Skip pictures in the listing below; copy exactly the lines from the one with "Product Image for" through the one with "Lilo & Stitch", inclusive.

◆ **DATA TO EXAMINE**
========================================================================

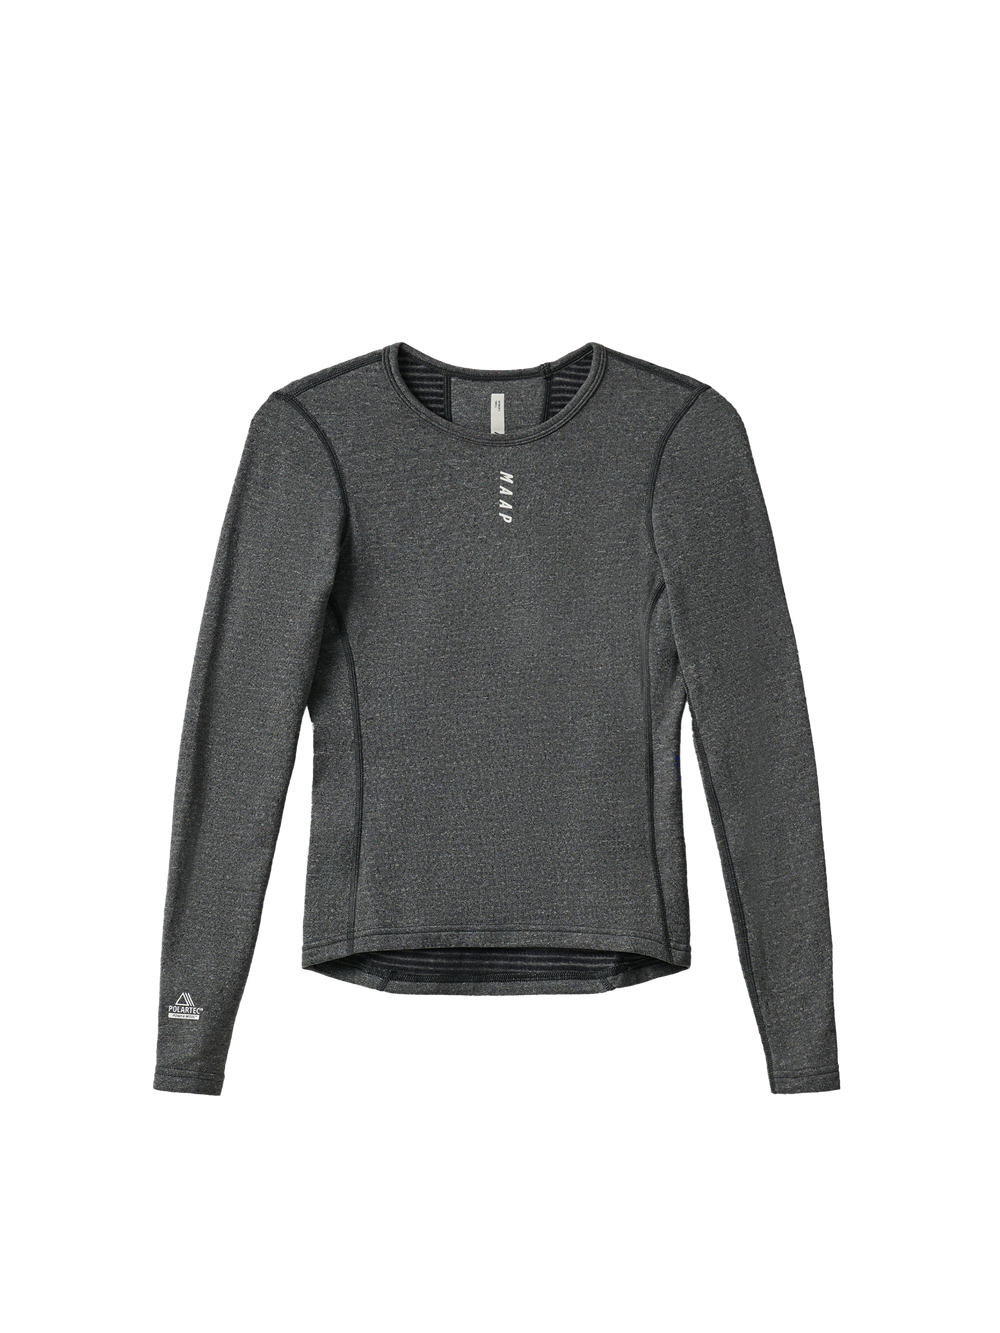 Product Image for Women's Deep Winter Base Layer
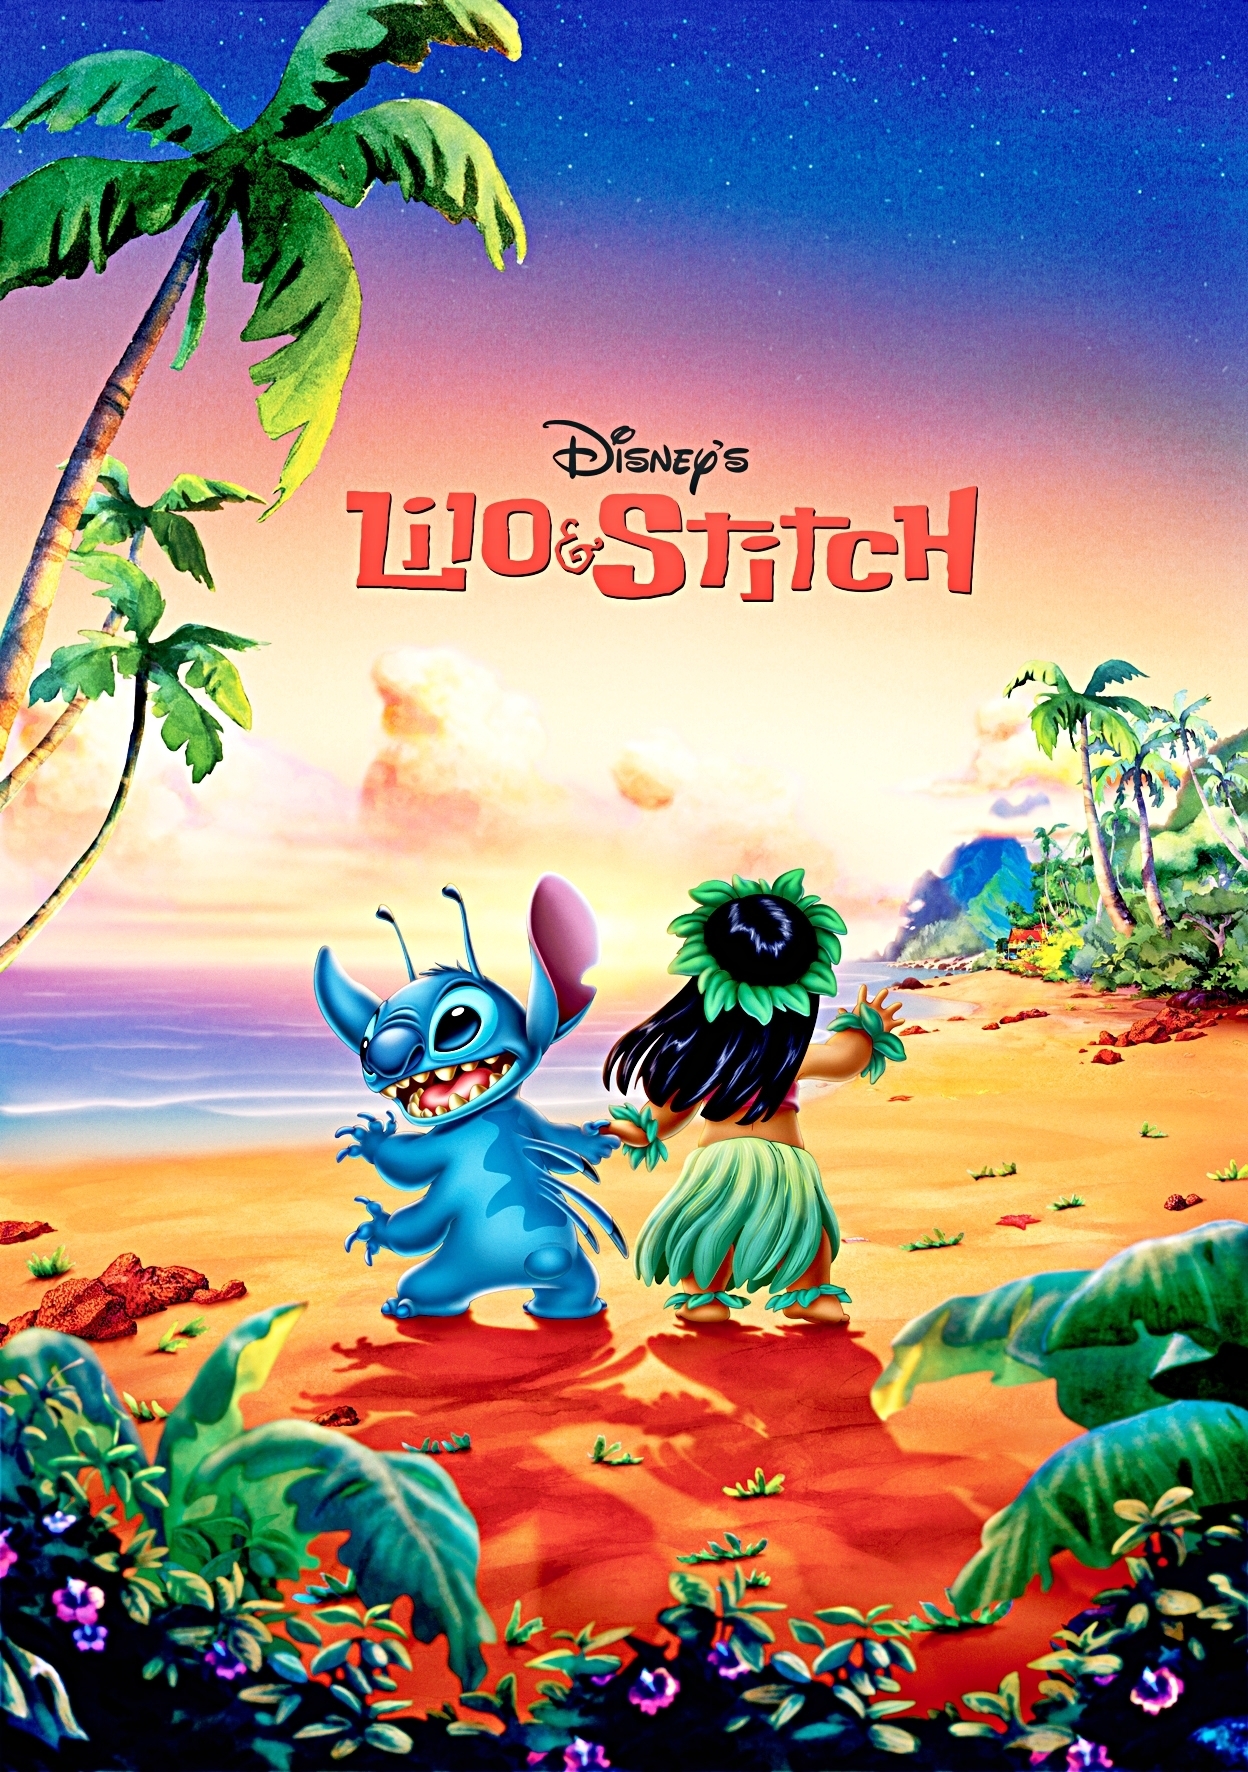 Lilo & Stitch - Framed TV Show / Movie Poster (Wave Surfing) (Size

========================================================================

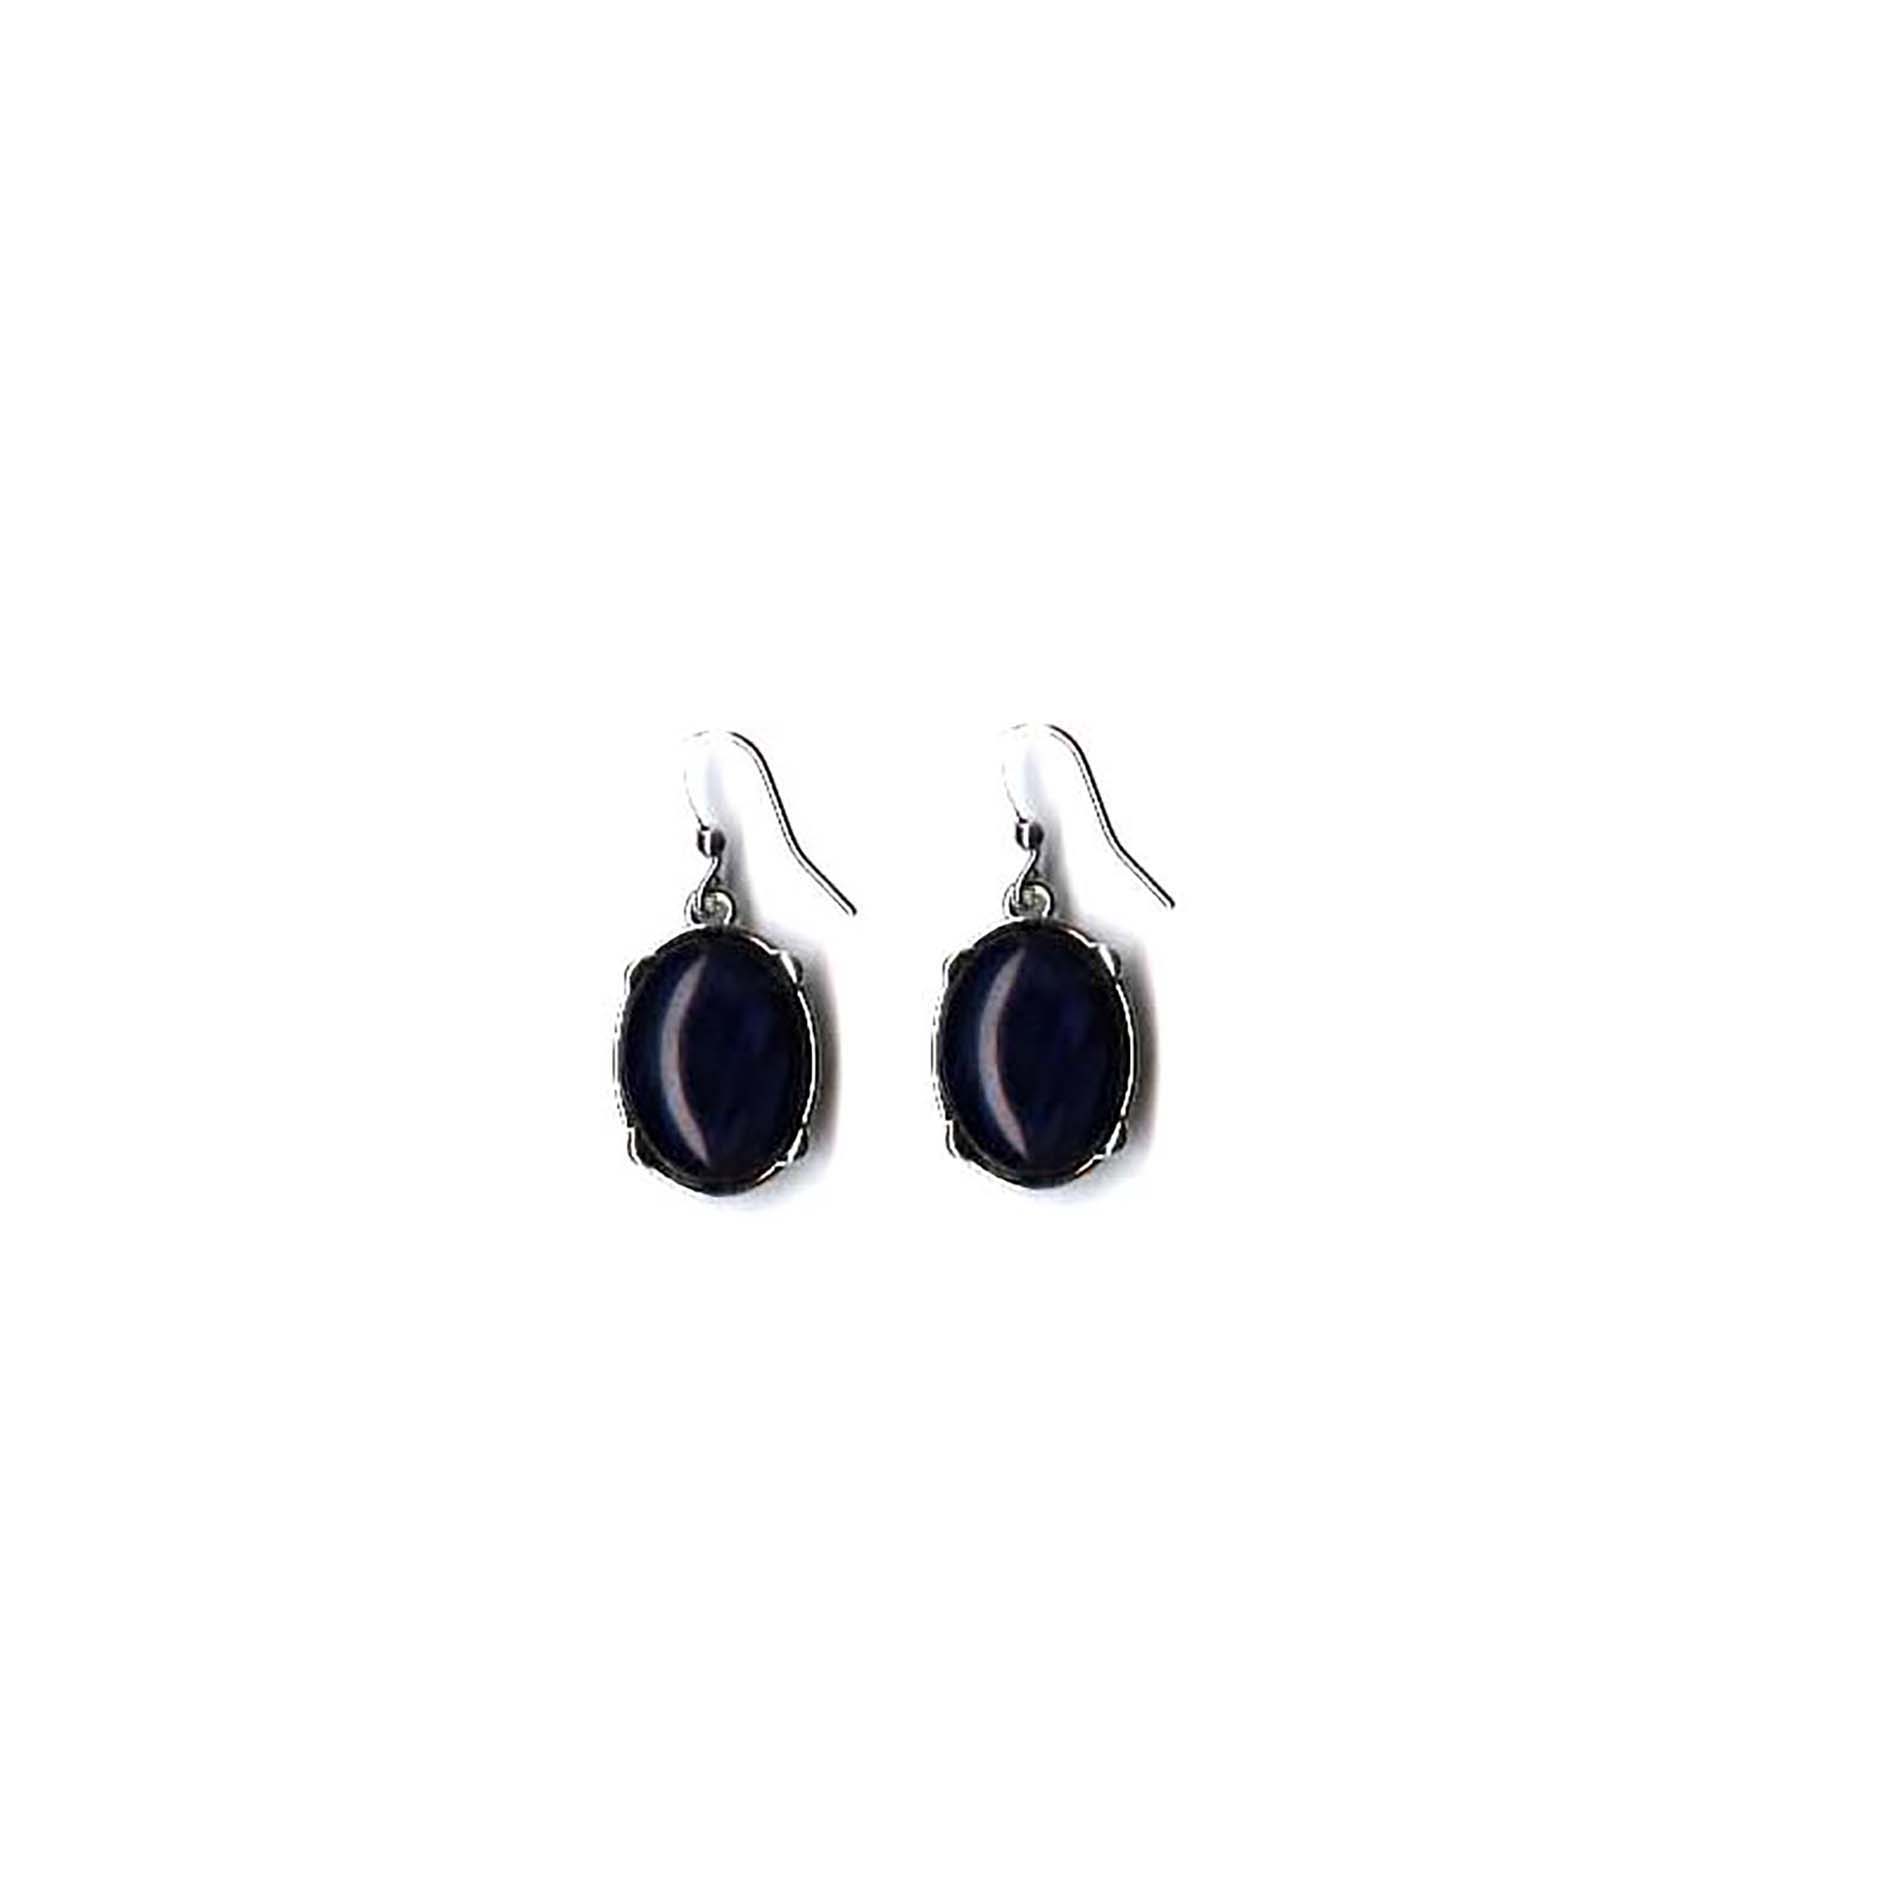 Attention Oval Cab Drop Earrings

========================================================================

◆ **ANSWER FOR THIS EXERCISE**
 Product Image for Women's Deep Winter Base Layer
 Lilo & Stitch - Framed TV Show / Movie Poster (Wave Surfing) (Size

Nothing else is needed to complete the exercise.